A_grid = [0.5, 1.0, 1.5]
beta_grid = [1.0, 2.0]

for A, beta in product(A_grid, beta_grid):
    result = simulate(A, beta)  # numpy array
    with exp.run({"A": A, "beta": beta}) as run:
        run.save(result)
        run.save_params({"gamma": 0.1, "T": 300})  # extra constants
        run.save_plot(my_plot_fn, result)

File layout

db_root/
└── vc_sweep_2025/
    ├── experiment.json          # metadata: name, creation date
    ├── A=0.5_beta=1.0/
    │   ├── data.dat             # human-readable TSV (numpy array)
    │   ├── params.json          # all parameters (name + extra)
    │   └── plot.png             # if save_plot() was called
    └── A=1.0_beta=2.0/
        ├── data.dat
        └── params.json

API reference

TalosDB

db = TalosDB("path/to/db")        # creates root folder if absent
db.experiment("name")              # create / open experiment
db.experiment()                    # name = datetime stamp
db.list_experiments()              # → list[str]
db.delete_experiment("name", confirm=True)

Experiment

exp = db.experiment("my_exp")

# Create / open a run
run  = exp.run({"A": 0.5, "beta": 1.0})
# or as context manager (marks failed.json on exception):
with exp.run({"A": 0.5, "beta": 1.0}) as run:
    ...

# Load
run  = exp.load({"A": 0.5, "beta": 1.0})   # exact match
runs = exp.query({"beta": 1.0})             # subset match → list[Run]
runs = exp.all_runs()                        # every run

Run

run.save(result)                            # numpy array → data.dat
run.save_params({"gamma": 0.1, "T": 300})  # extra params → params.json
run.save_plot(plot_fn, result)              # calls plot_fn(result, path)
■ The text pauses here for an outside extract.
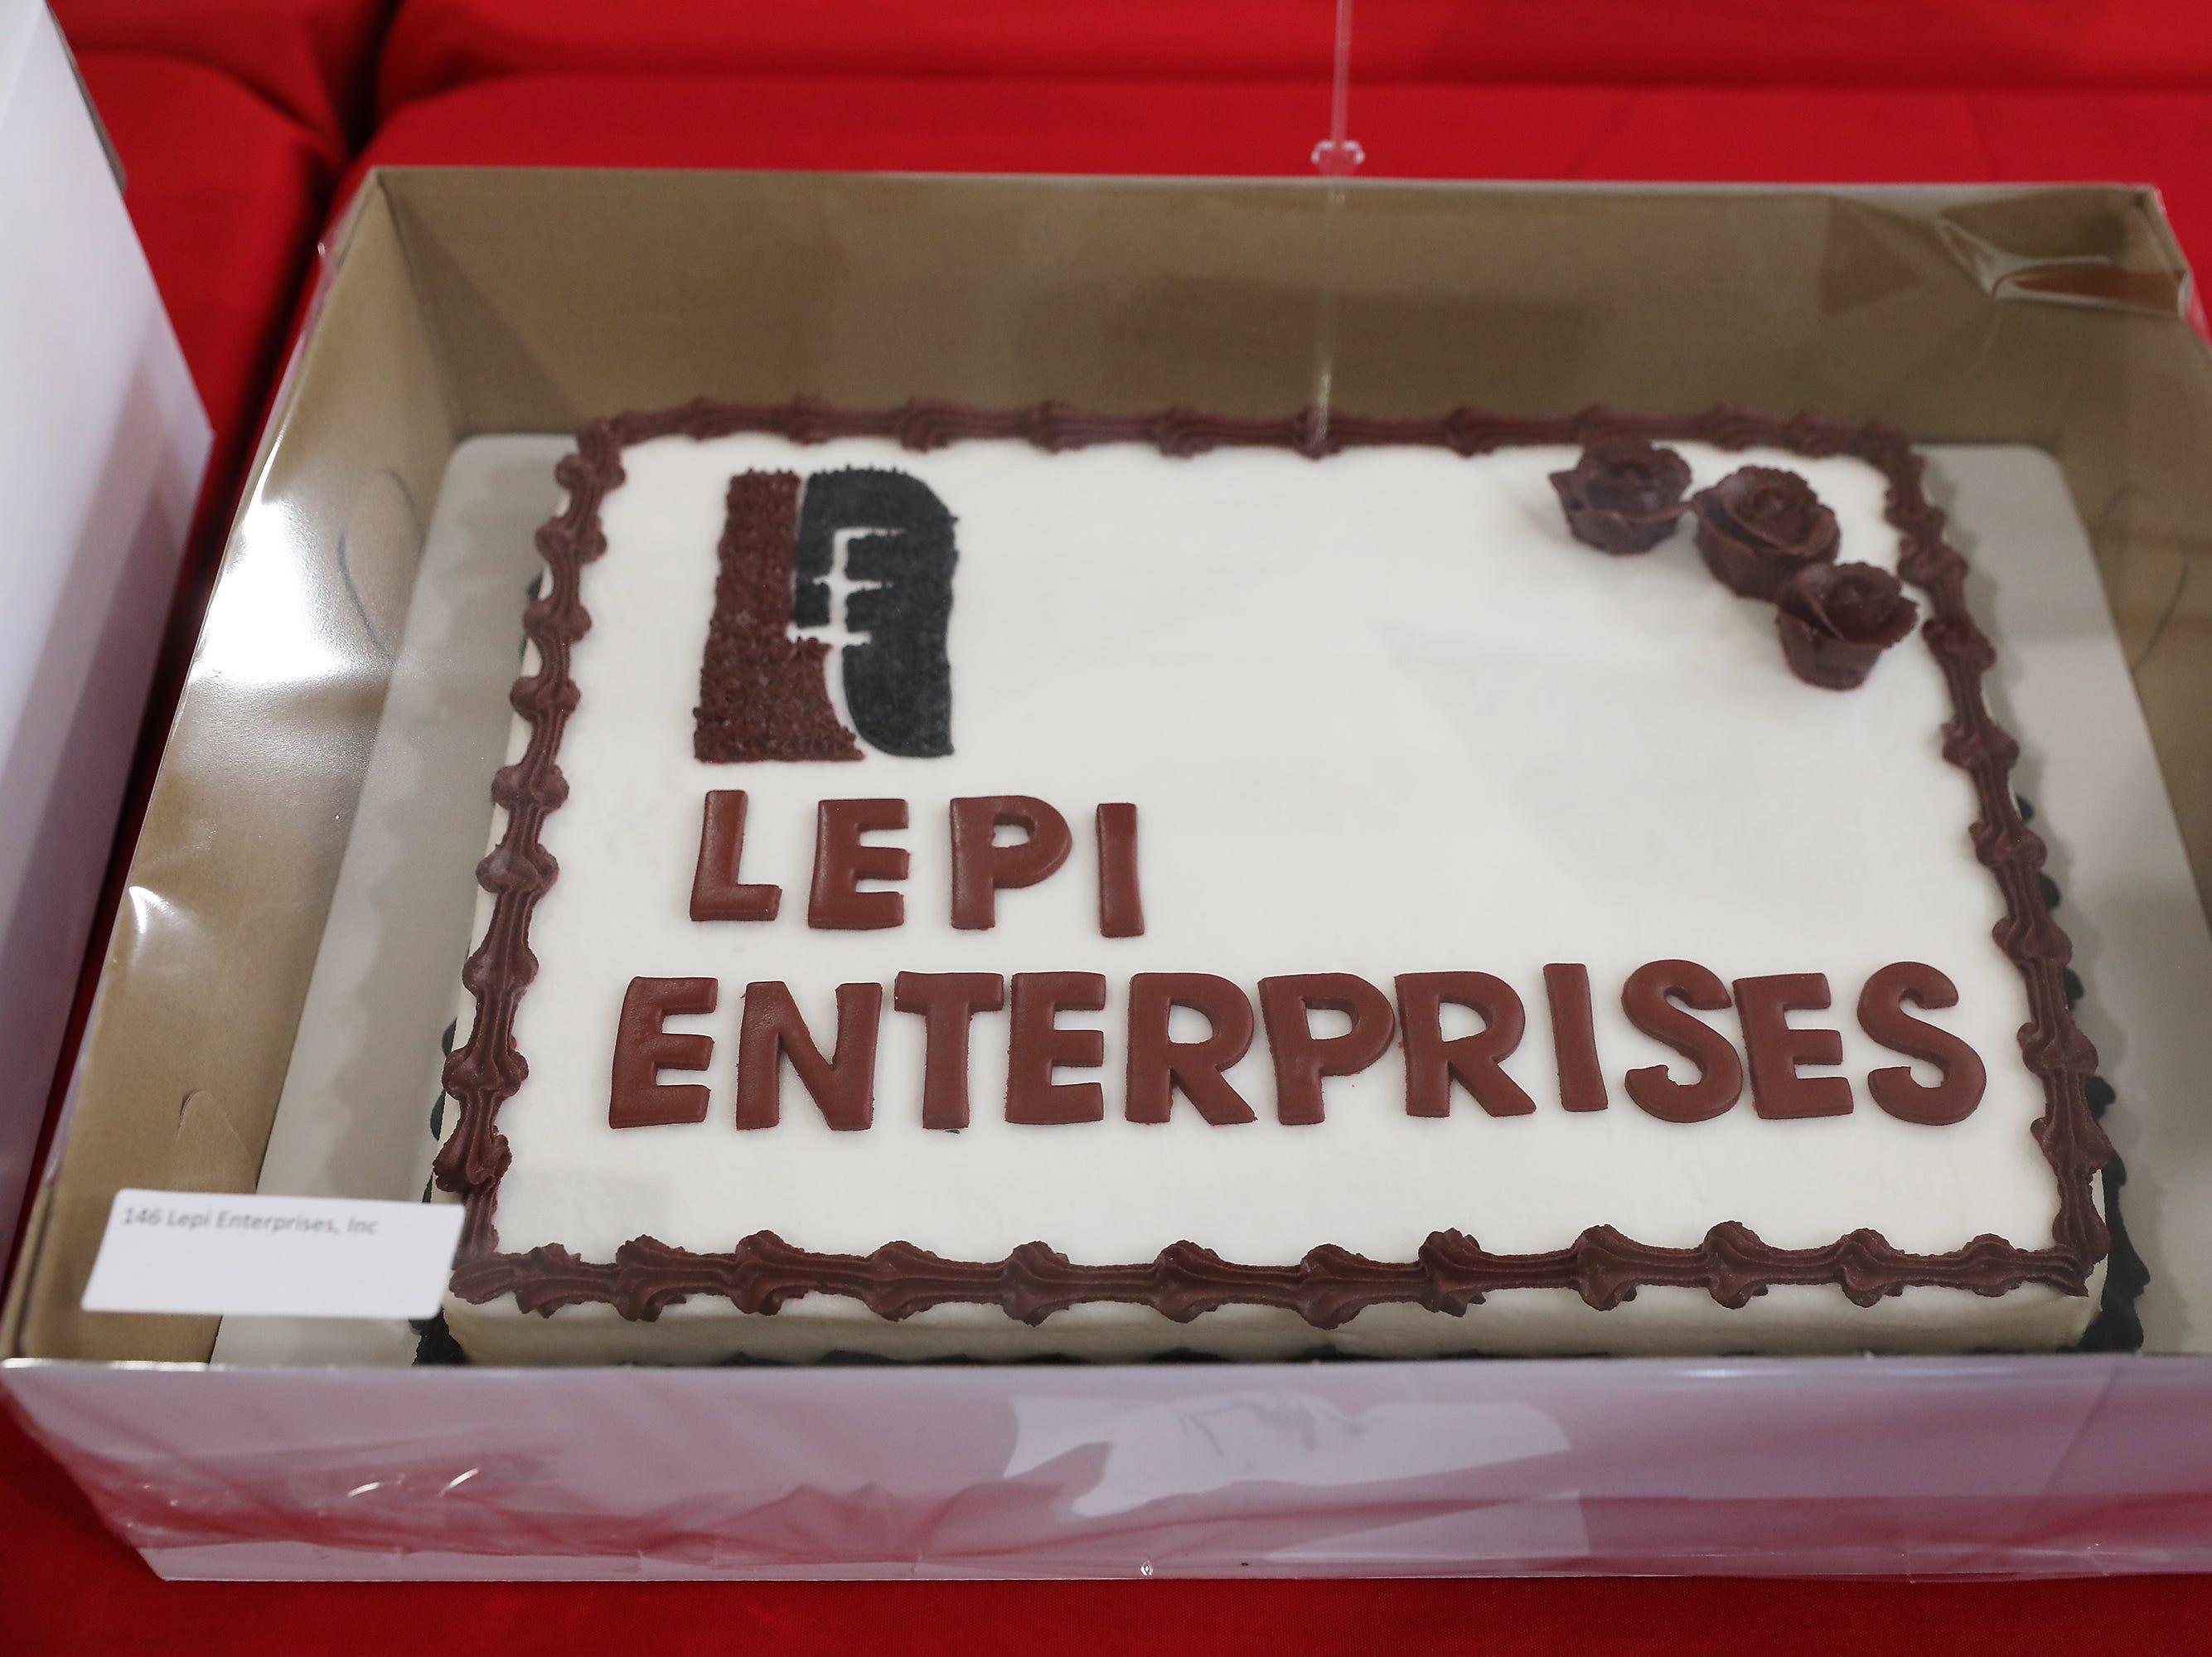 3:15 P.M. Thursday cake 146 Lepi Enterprises - 4 rounds of golf at Vista View, cart, golf balls, tees; $150

result = run.load_data()                    # → np.ndarray
params = run.load_params()                  # → dict
run.is_failed()                             # → bool
run.load_failure()                          # → dict with error info

plot_fn contract

def my_plot_fn(result, save_path):
    fig, ax = plt.subplots()
    ax.plot(result[:, 0], result[:, 1])
    fig.savefig(save_path)
    plt.close(fig)

talosdb does not import matplotlib — rendering is entirely the caller's responsibility.

.dat format

Arrays are stored as human-readable TSV with a small header:

# shape: 100 2
# dtype: float64
0.0	0.001
0.1	0.043
...

3D+ arrays are split into labelled 2D slices:

# shape: 2 3 4
# dtype: float64
# slice [0]
1.0	2.0	3.0	4.0
5.0	6.0	7.0	8.0
9.0	10.0	11.0	12.0

# slice [1]
...

The shape header ensures exact reconstruction on load regardless of dimensionality.

License

MIT

Project details


Download files

Download the file for your platform. If you're not sure which to choose, learn more about installing packages.

Source Distribution

talosdb-0.1.1.tar.gz (5.7 kB view details)

Uploaded Source

Built Distribution

If you're not sure about the file name format, learn more about wheel file names.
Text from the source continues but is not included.